The symptoms of a chigger bite can include the following:
Treating Chigger Bites
Many of the home remedies for chigger bites are based upon the belief that chiggers somehow burrow into and remain in a person's skin; these beliefs are incorrect. People have applied alcohol, nail polish, and bleach to bites in attempts to somehow suffocate or kill chiggers. Due to the fact that chiggers are not present in the person's skin, these remedies are not effective in the slightest.
Treatment for chigger bites is directed towards relieving the itching and inflammation the person is experiencing. Corticosteroid creams and calamine lotion can be used to control the itching. Oral antihistamines such as diphenhydramine can also be used to provide relief.
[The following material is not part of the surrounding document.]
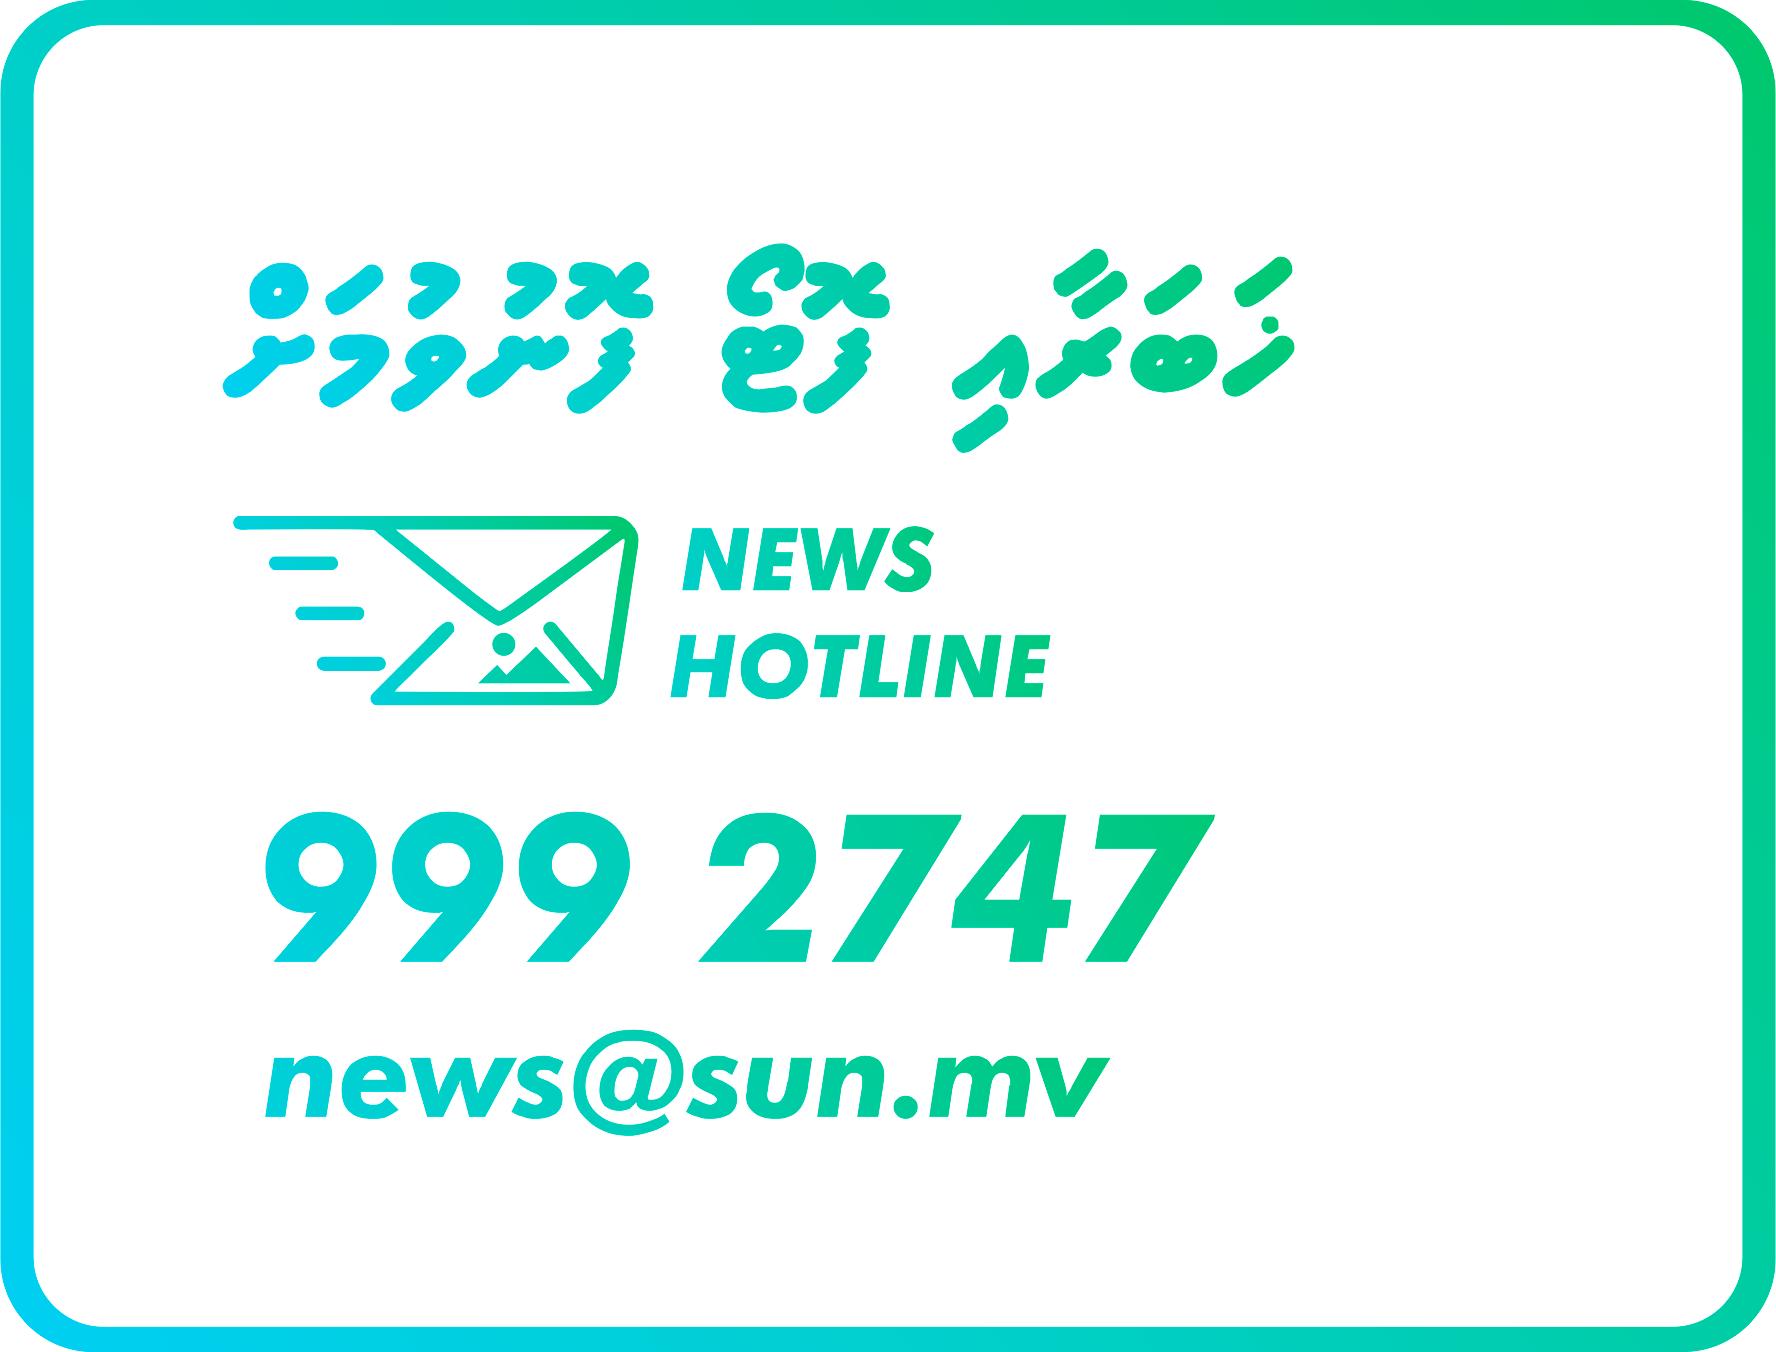 Sun Hotline

When a person returns from a chigger-infested area they should wash their clothing in hot, soapy water for around a half an hour. The infested clothing should not be worn again until they are washed appropriately or exposed to hot sunshine. Clothes that have not been washed, or clothes that have been washed in cold water, will still contain chiggers and re-infest a person's skin. It is important for the person to take a hot bath or shower and wash with soap repeatedly. The chiggers might be dislodged from the person's skin, but the person will still have the stylostomes that cause the severe itching.
Deep scratching with the intention of removing stylostomes may cause a person to contract a secondary infection. To temporarily relieve itching, apply benzocaine, calamine lotion, or hydrocortisone cream. Some people use cold cream, Vaseline, or baby oil. Chigger bites do not cause any long-term complications of themselves. Prolonged itching and scratching can lead to skin wounds that have the potential to become infected.
To help prevent the presence of chiggers, mow weeds, briar's, lawns, thick vegetation, and eliminate moisture and shade. Doing so will reduce the populations of chiggers. Allow sunlight and air to circulate freely. Chigger larvae have the ability to penetrate a number of types of clothing, but high boots and trousers made of tightly-woven fabric that is tucked into stocking or boots can help in deterring them. Before you enter an area where you know chiggers are present, protect yourself by using a repellent such as DEET, Off, Detamide, Repel, or another form of insecticide. Apply the repellent to your skin and your clothing, particularly your arms, hands, and legs - as well as opening in your clothing. Keep moving since the worst chigger infestations happen when you are sitting or laying down.